1. NAAは単独では0.1mg/lのみが第1次子球の生長を促進した.
2. 0.1または1mg/lのNAAを含む培地に0.001mg/lのBAを添加すると第1次子球の生長は一層促進されたが, 0.1mg/lのBAは子球の生長を抑えた.

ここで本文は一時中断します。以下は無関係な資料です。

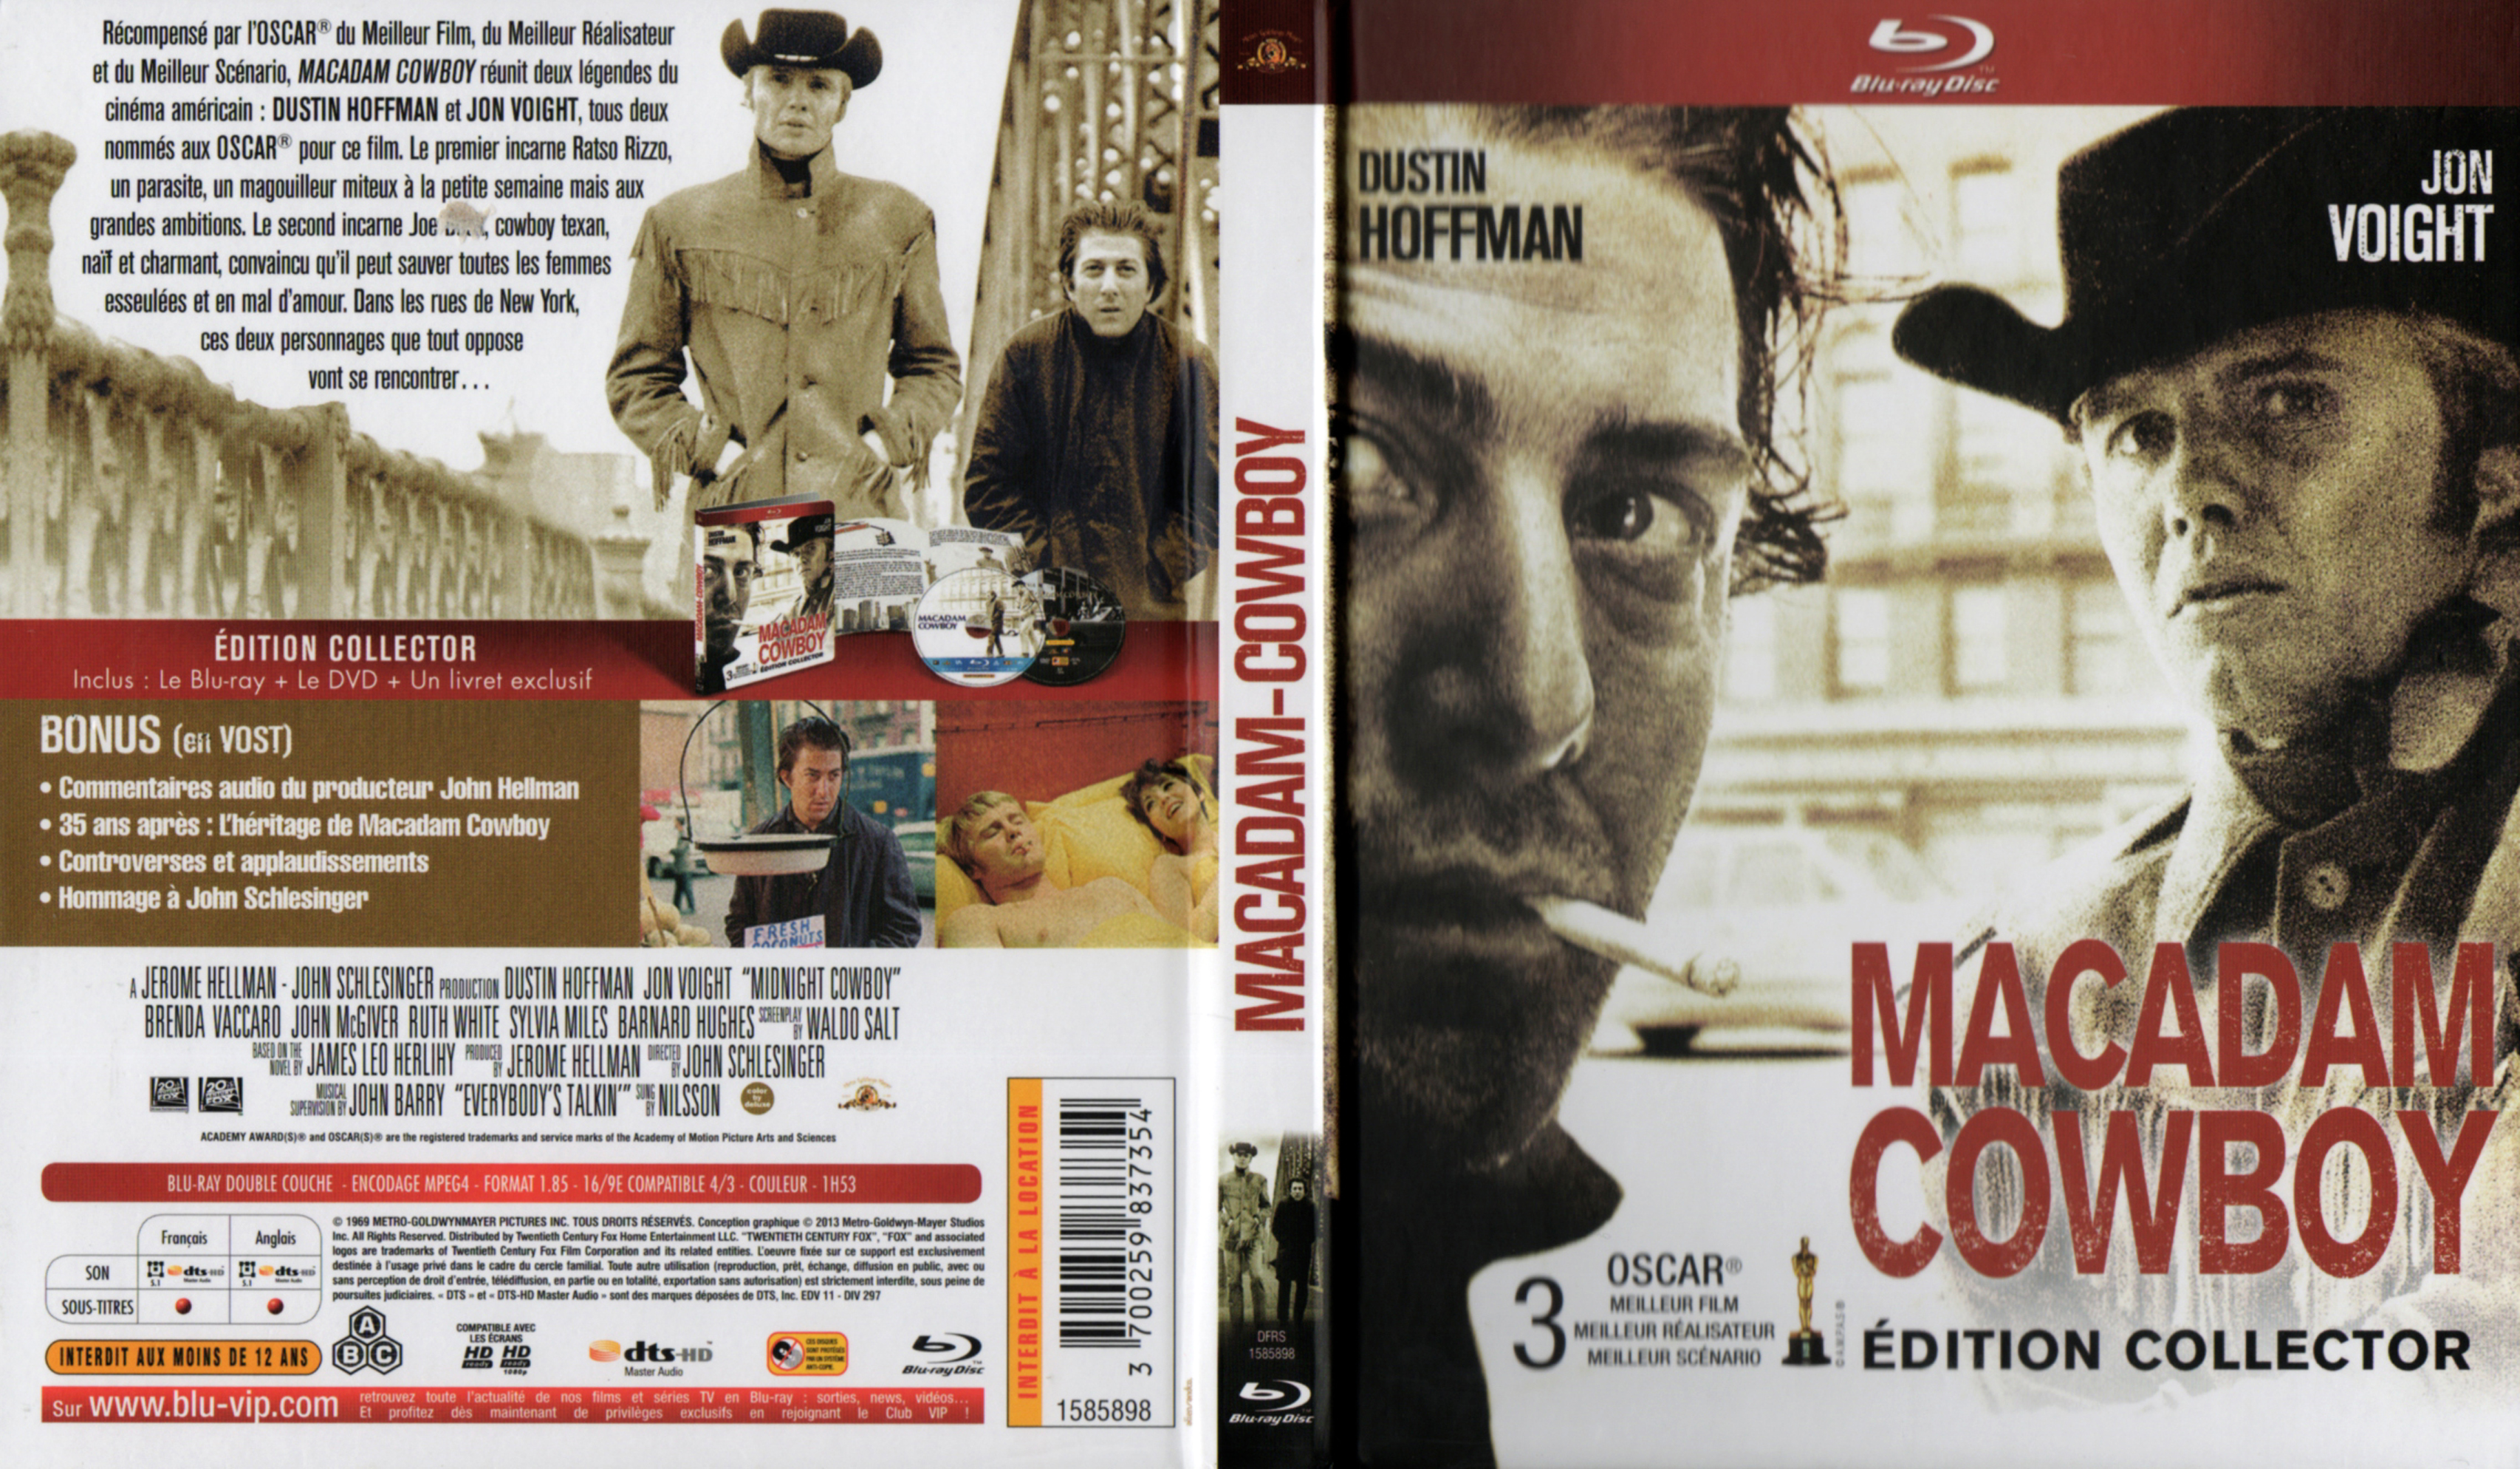 Jaquette DVD Macadam cowboy (BLU-RAY) v2

3. 第1次子球は新たに子球 (第2次子球) を形成し, 0.01mg/l以上のNAAと0.01mg/l以下のBAを含む培地で第2次子球がよく形成された.
4. 0.1mg/l以上のNAAは第1次子球の発根を促進したが, BAは発根を抑え, 特に0.1mg/lのBAは, 発根をほとんど完全に抑えた.
5. 第1次子球の生長, 発根及び第2次子球の形成は全般的に暗条件よりも明条件で促進された.
6. NAA及びBAを種々の濃度で含有する培地の明条件と暗条件で培養した第1次子球を, 低温処理 (3°C, 60日間) したのち圃場に植えた場合, 明条件で培養した子球の出葉が暗条件のものより全般的にすぐれていた. 培地に添加した生長物質は圃場での子球の出葉に抑制的に作用する場合が多く, 特に0.1mg/lのBAといずれの濃度でのNAAを含む培地の暗条件で培養した子球の出葉は著しく抑制された.
7. 本研究の結果から, ヒメサユリの第1次子球は, 0.1mg/lのNAAと0.001mg/lのBAを含有するMS-基本培地の明条件で培養するとよいことがわかった.